Dalam budaya Celtic, dewa-dewi sangat terikat dengan tanah, terutama The Morrigan, ratu hantu yang dikaitkan dengan perang, kematian, dan regenerasi. Sosoknya dianggap cantik sekaligus mengerikan, yang menjemput jiwa-jiwa dari medan perang atau muncul di saat kematian untuk merenggut jiwa dari raga. Karena rasa takut yang besar terhadap entitas spiritual, berbagai pertahanan dibangun di situs-situs suci di seluruh Irlandia.

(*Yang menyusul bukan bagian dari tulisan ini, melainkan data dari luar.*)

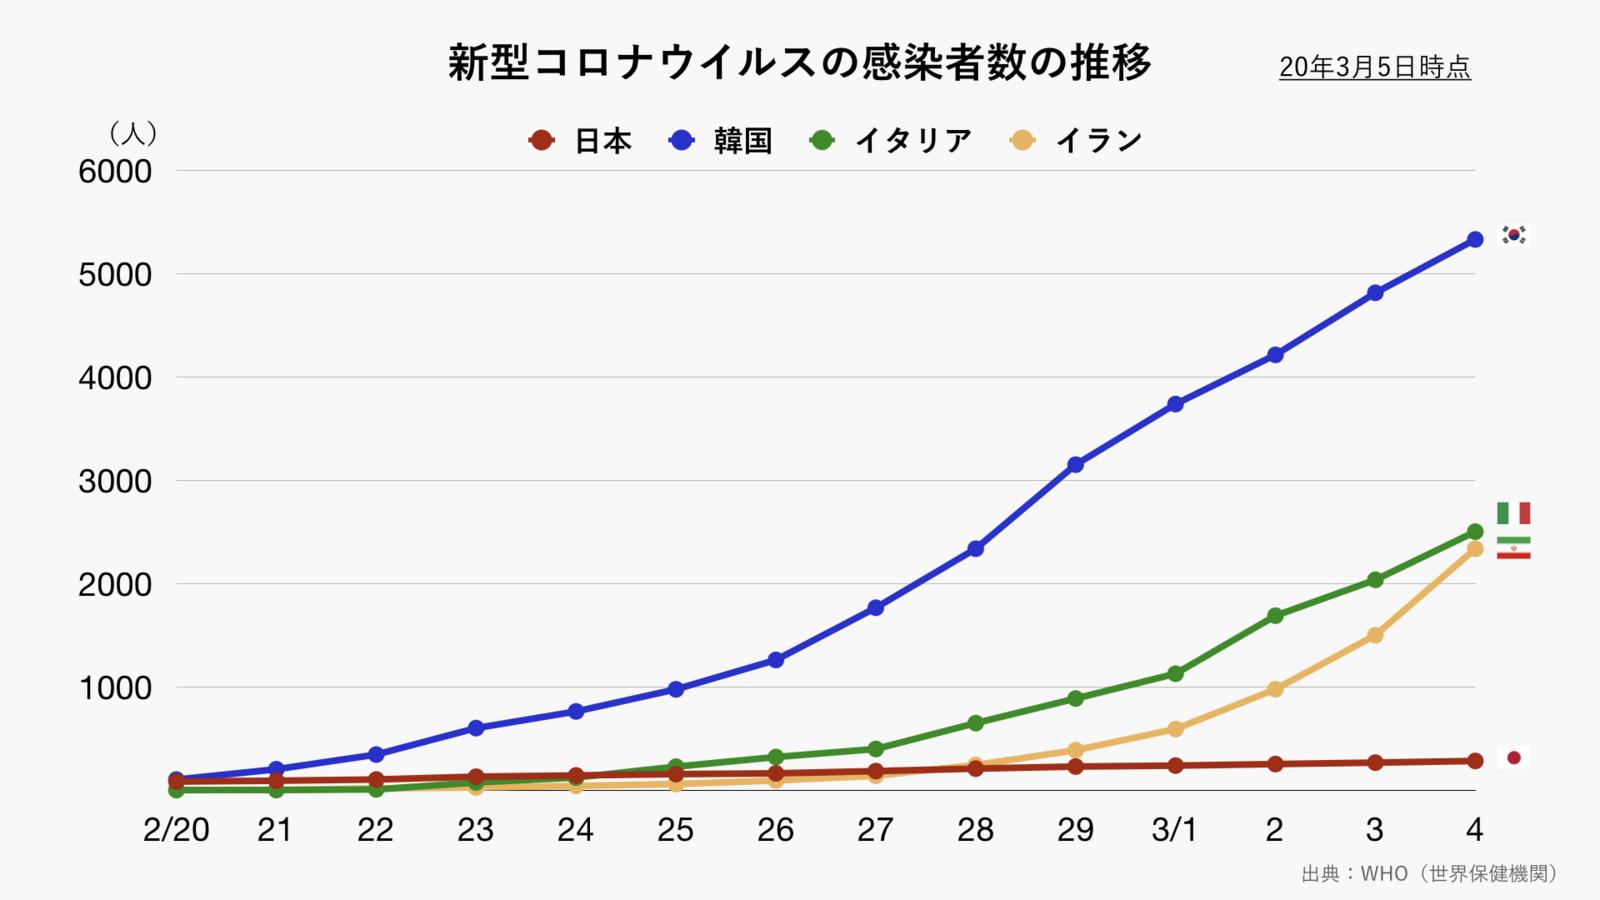 新型コロナウイルスの感染者数の推移(グレー)
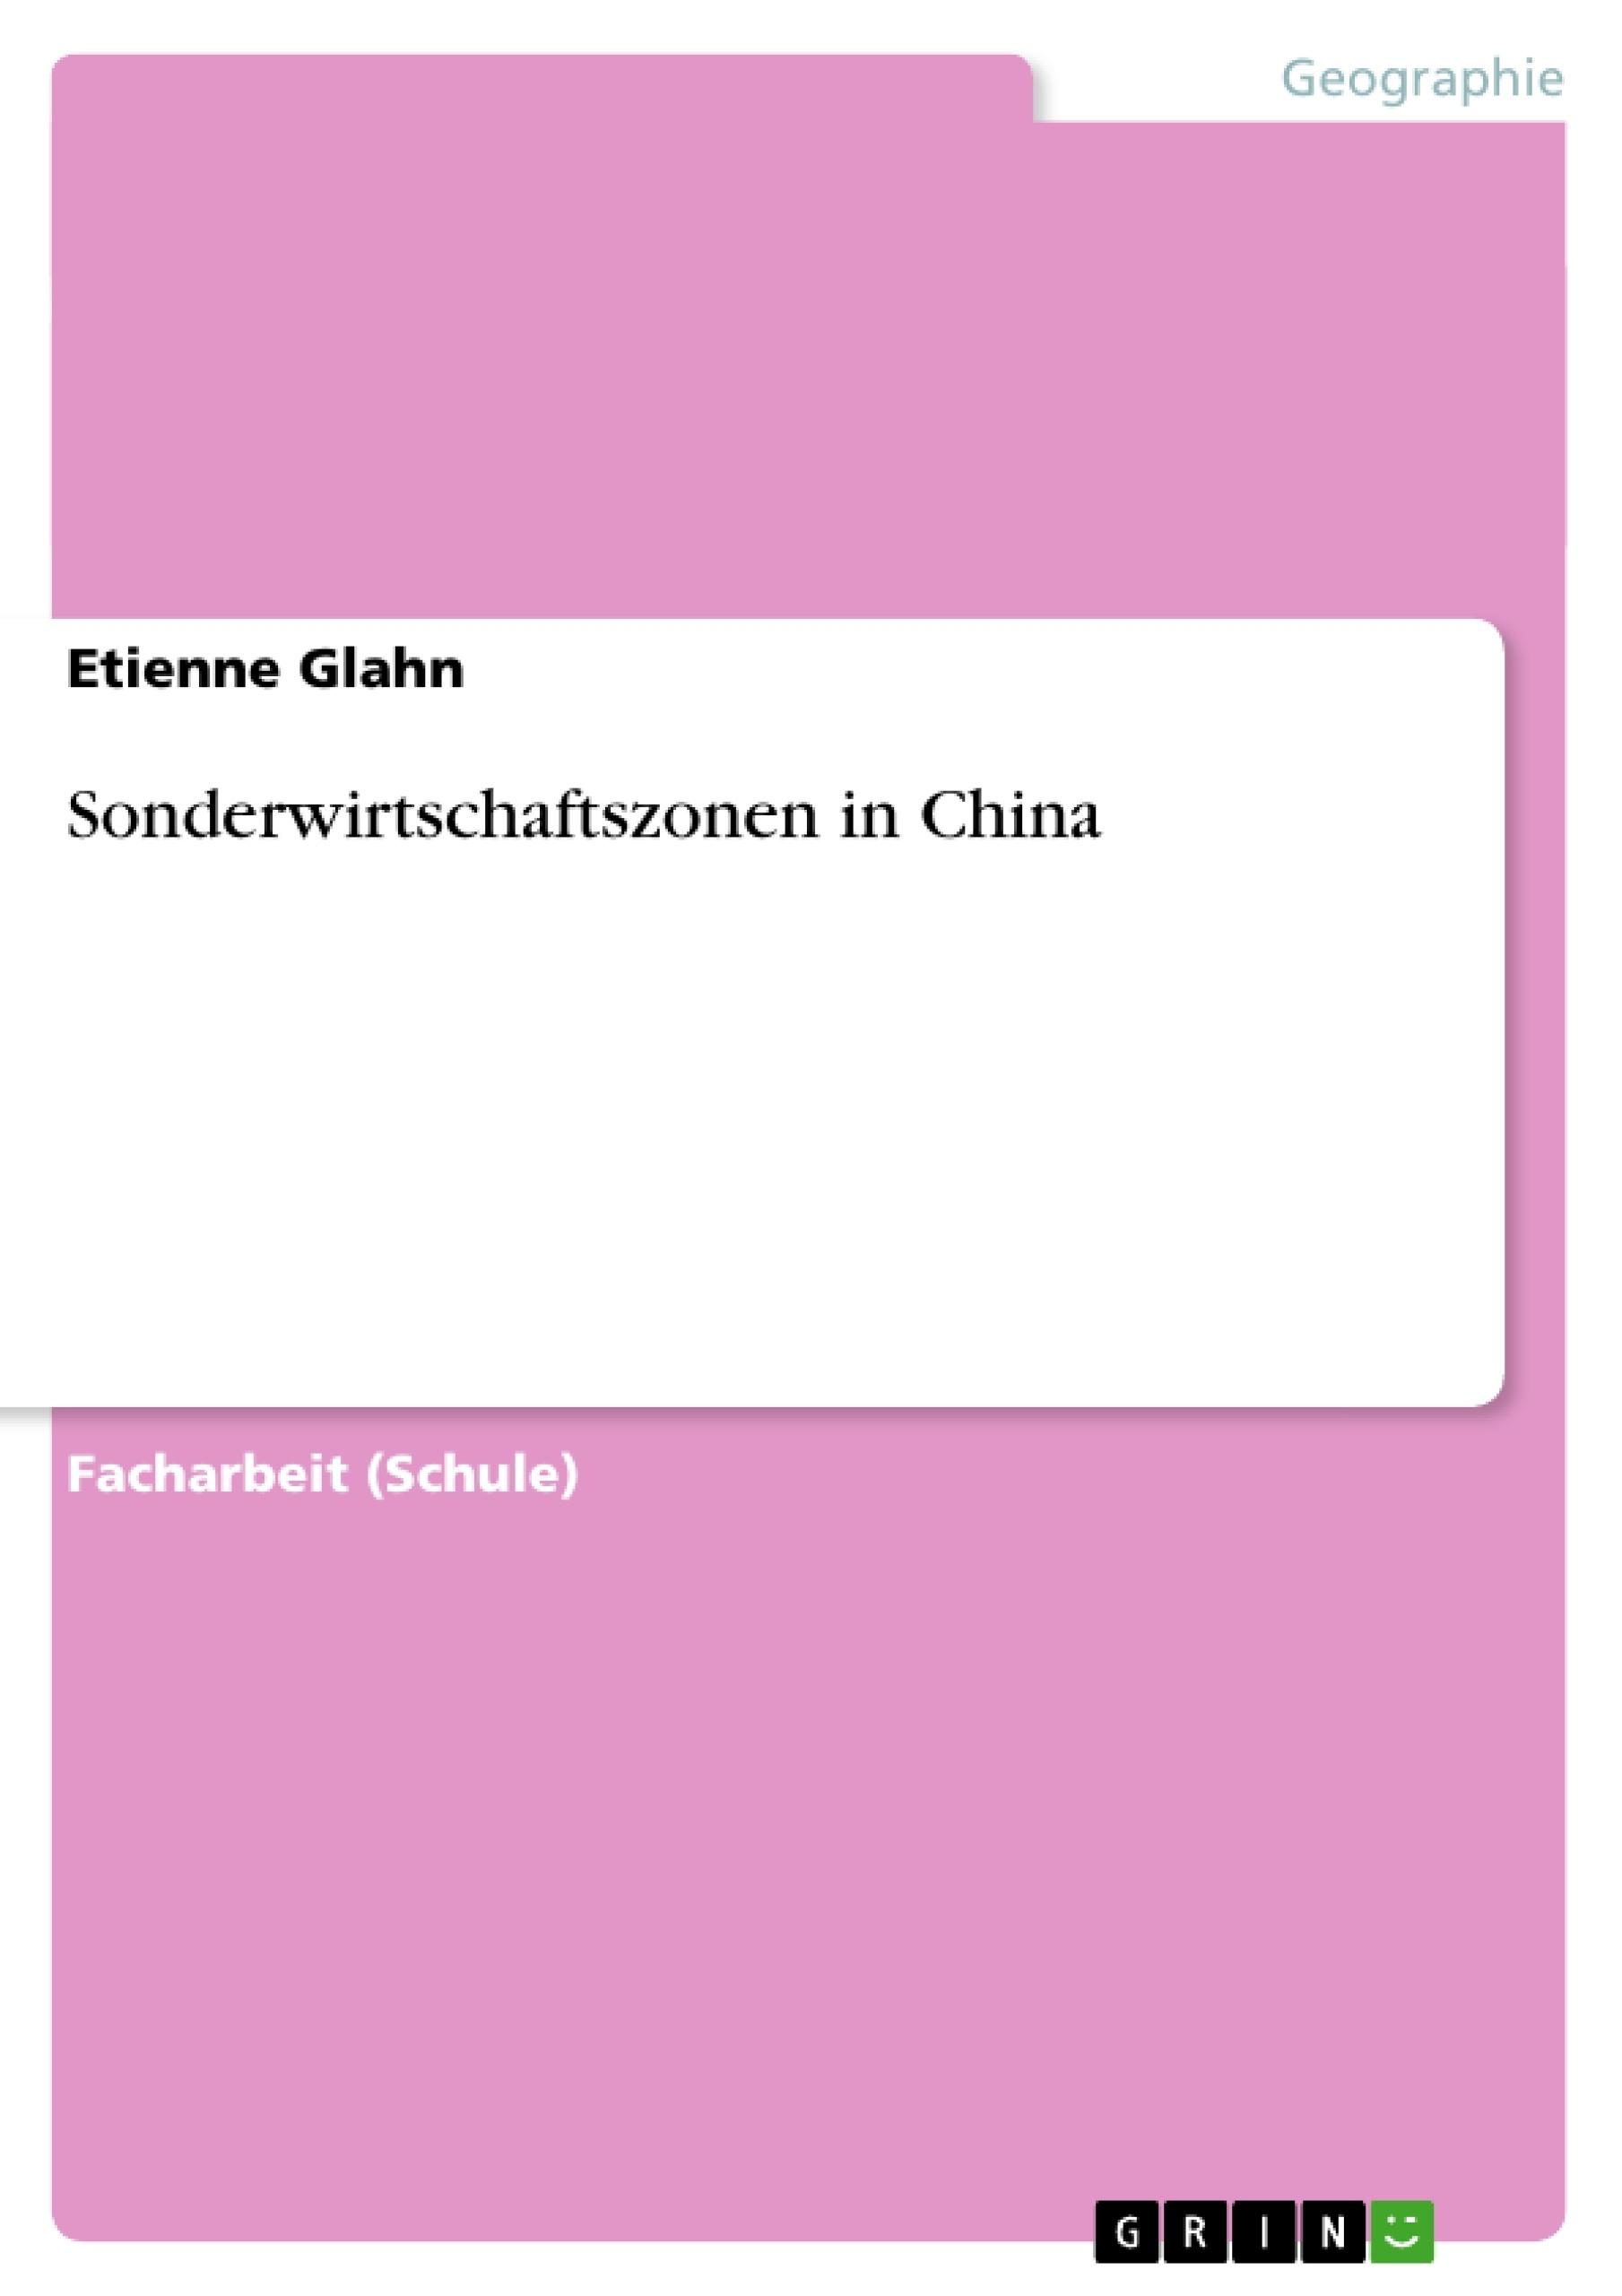 Titel: Sonderwirtschaftszonen in China

Sebagai contoh, situs Giant's Ring di dekat Belfast memiliki parit yang dibangun di sisi dalam gundukan tanah, bukan di luar. Hal ini membuktikan bahwa konstruksi tersebut bukan untuk pertahanan militer manusia, melainkan untuk membentengi diri dari gangguan roh jahat dari Dunia Lain. Dengan logika yang sama, ada kemungkinan Poulnabrone dibangun bukan hanya untuk memudahkan perjalanan jiwa ke alam baka, tetapi justru untuk mencegah roh-roh dari alam lain masuk ke dunia manusia. Hampir setiap dolmen di Irlandia, termasuk dolmen Kilclooney yang jauh lebih besar, memiliki desain batu penutup miring yang serupa, memperkuat teori tentang fungsi portal dua arah ini.